In a recent advisory issued by the U.S. Cybersecurity and Infrastructure Security Agency (CISA), it has come to light that a security flaw in Ivanti Endpoint Manager (EPM) has been actively targeted by threat actors, highlighting the importance of timely patching and vulnerability management for organizations relying on this endpoint solution. The identified vulnerability, tracked as CVE-2024-29824, carries an elevated CVSS score of 9.6 out of a maximum of 10.0, underscoring its critical severity.
The Ivanti EPM 2022 SU5 and prior versions are susceptible to an unspecified SQL Injection vulnerability in the Core server. This vulnerability allows an unauthenticated attacker within the same network to execute arbitrary code. A detailed analysis revealed that the issue is rooted in a function called RecordGoodApp() within a DLL named PatchBiz.dll, where the function handles an SQL query statement, thus enabling an attacker to gain remote code execution via xp_cmdshell.

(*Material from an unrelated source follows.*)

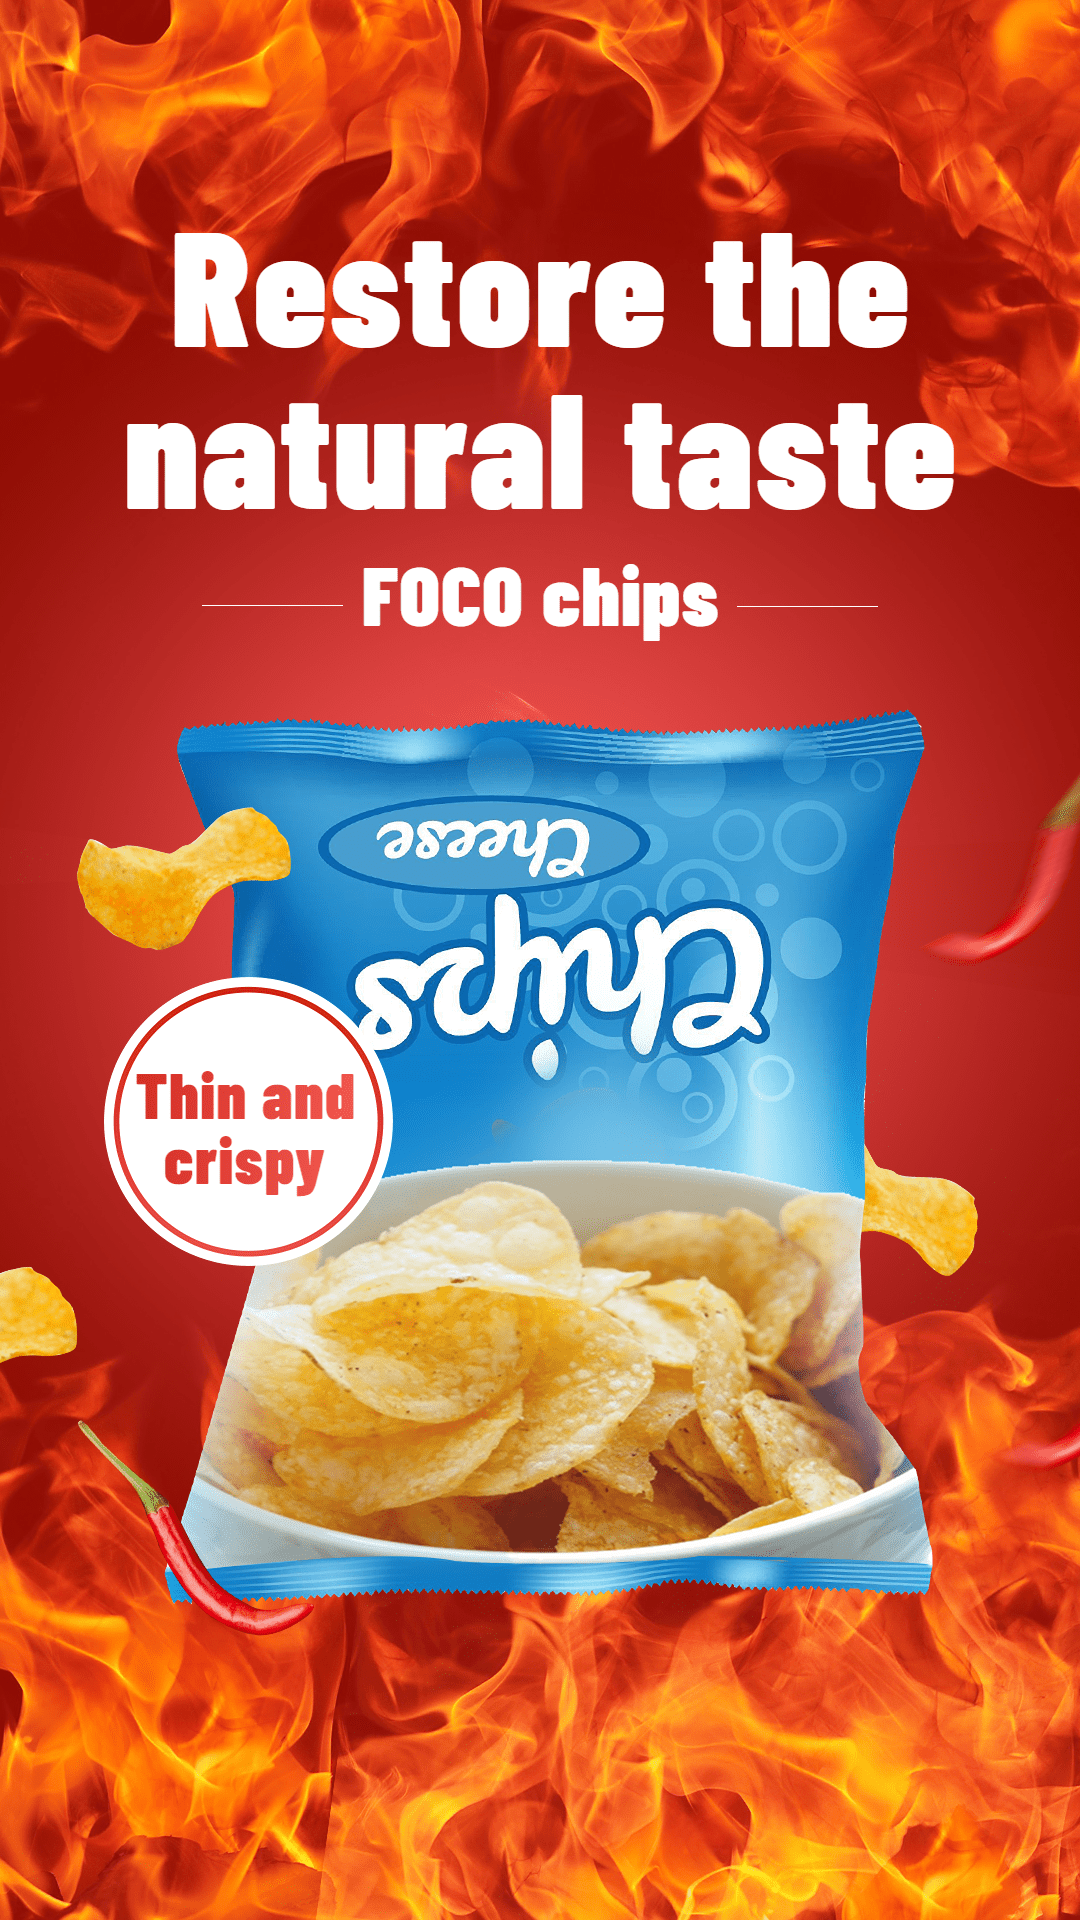 Flame Element Potato Chips Consumer Packaged Food Snacks Ecommerce Story预览效果
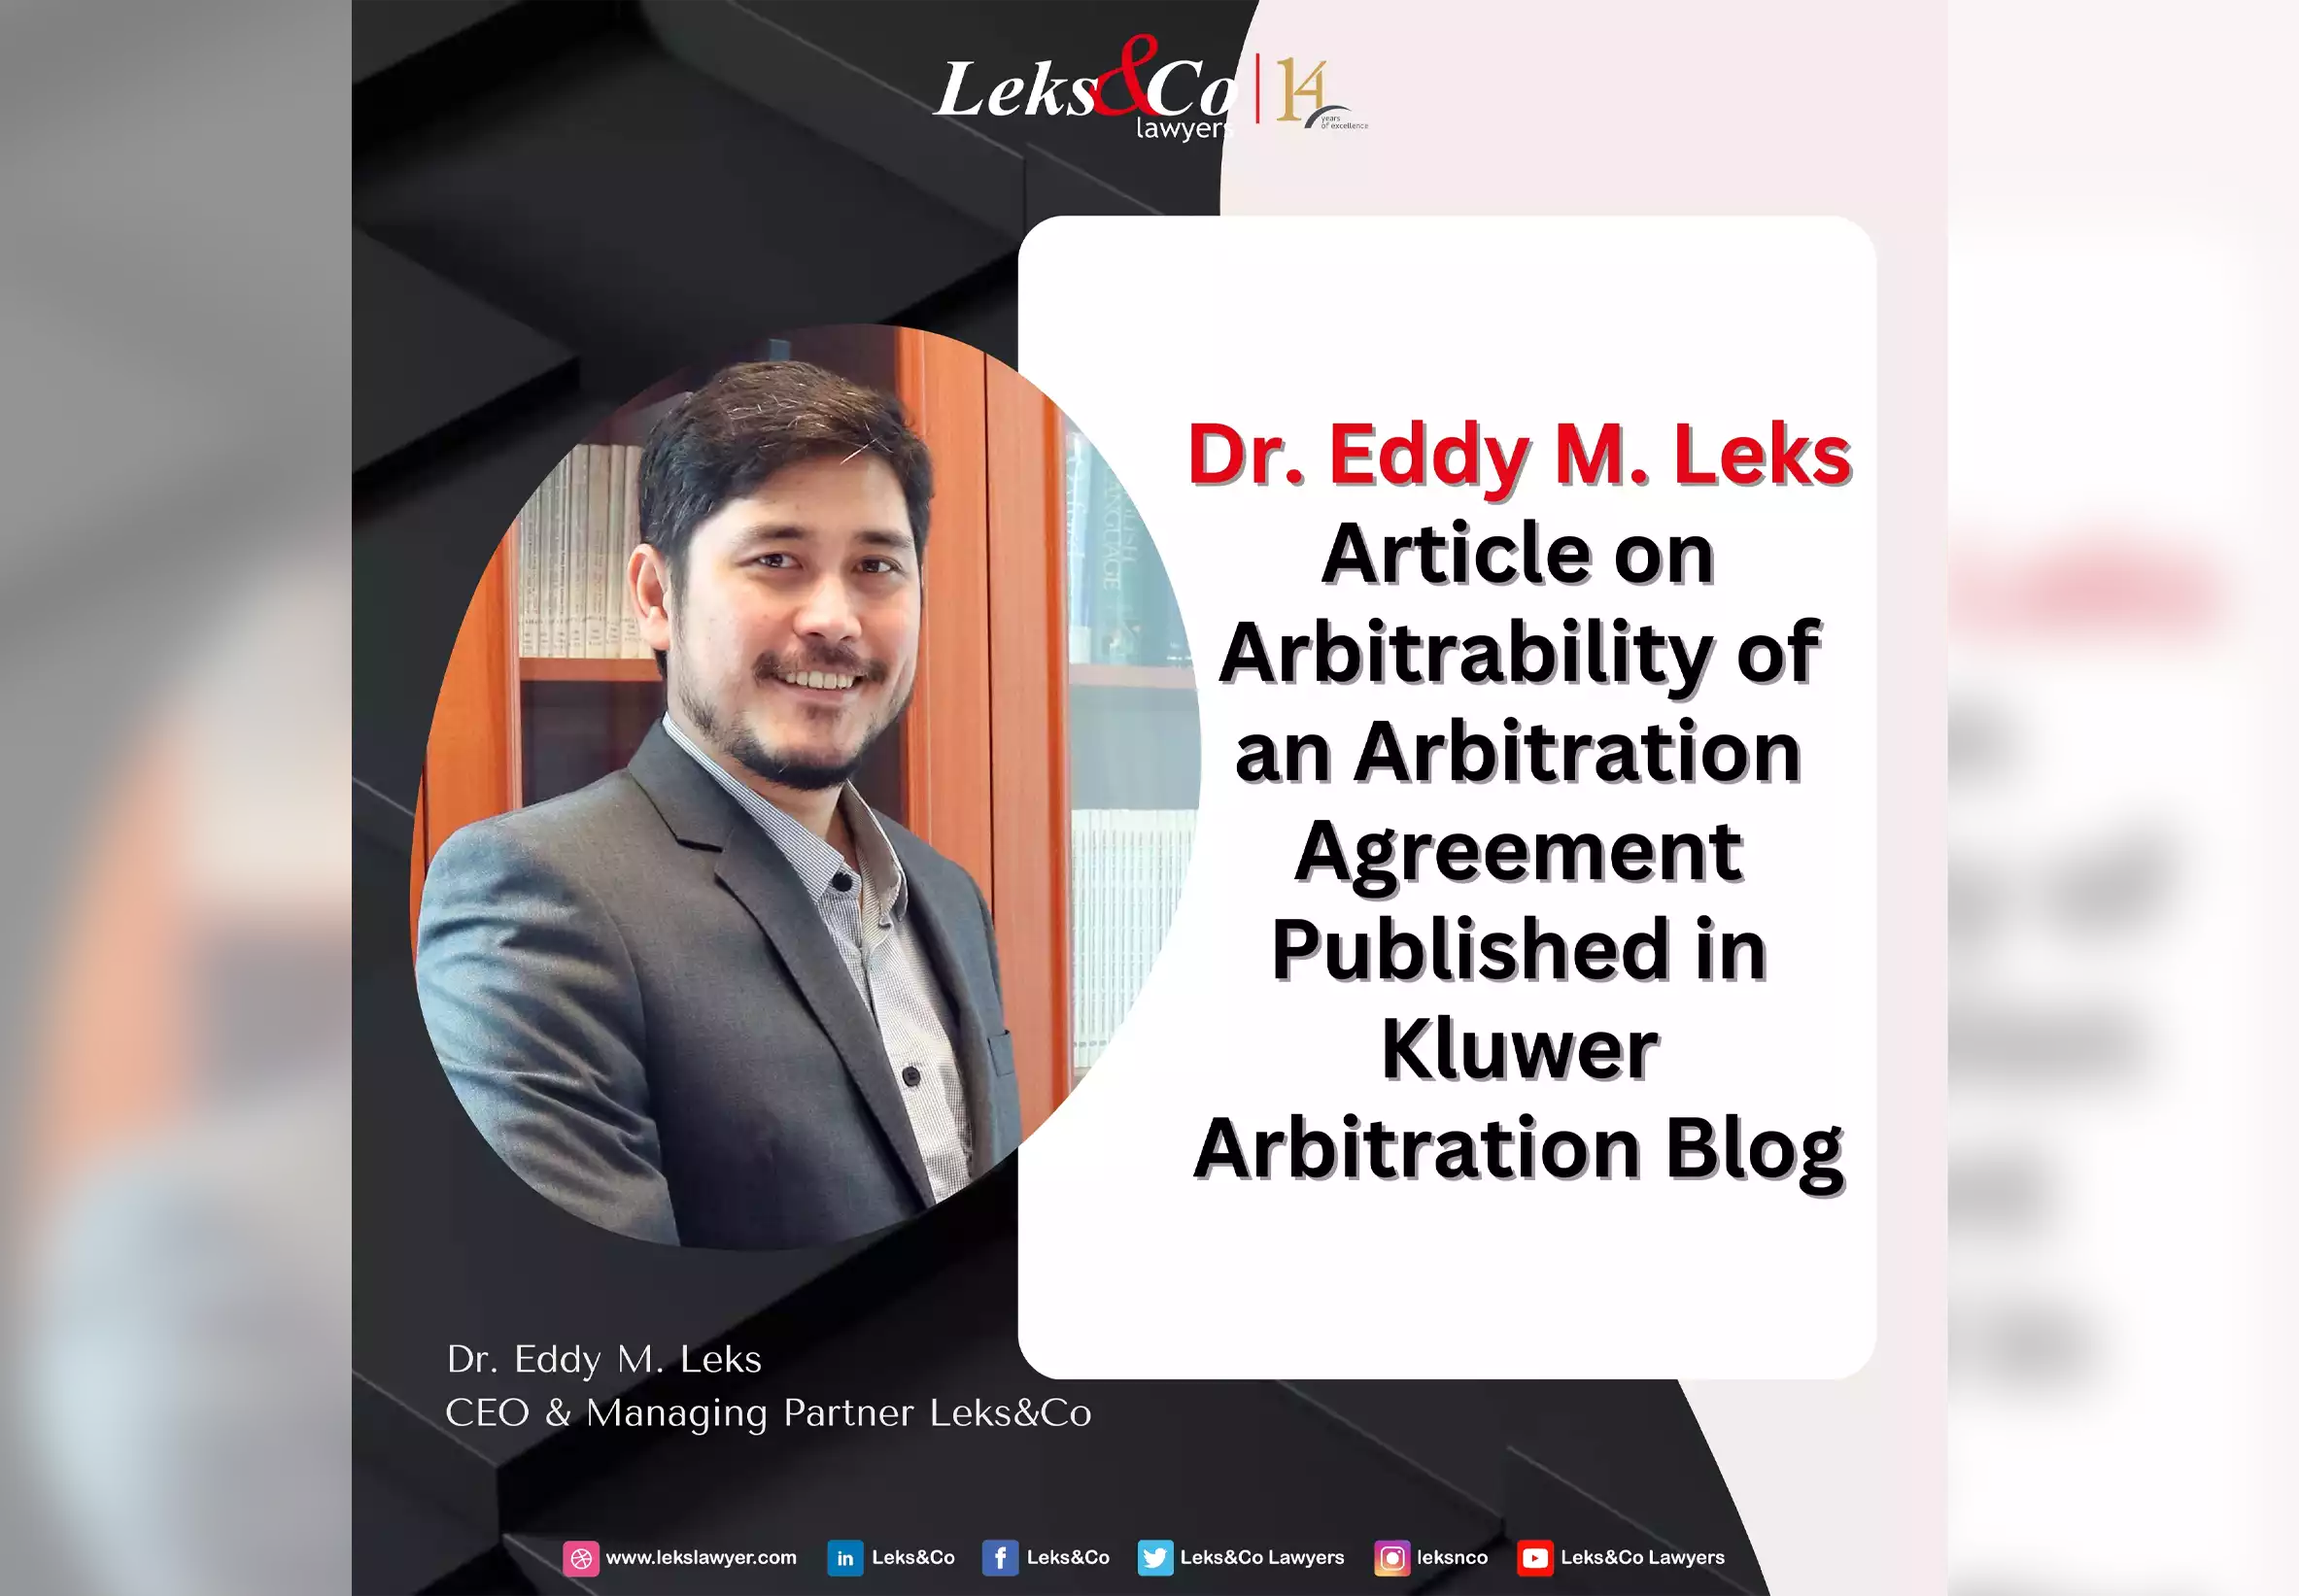 Dr. Eddy M. Leks Article on Arbitrability of an Arbitration Agreement  Published in Kluwer Arbitration Blog

According to Horizon3.ai, which released a proof-of-concept (PoC) exploit for the flaw in June, the vulnerability is being actively exploited. While the exact specifics of how the shortcoming is being exploited in the wild remain unclear, Ivanti has since updated its bulletin to state that it has confirmed exploitation of CVE-2024-29824 and that a limited number of customers have been targeted.
The emergence of this critical security breach underscores the ever-present threat landscape for organizations utilizing endpoint solutions. This incident also highlights the importance of proactive vulnerability management and timely patching, as emphasized by CISA in its advisory. With federal agencies mandated to update their instances to the latest version by October 23, 2024, to safeguard their networks against active threats, this serves as a stark reminder of the imperative need for robust cybersecurity measures.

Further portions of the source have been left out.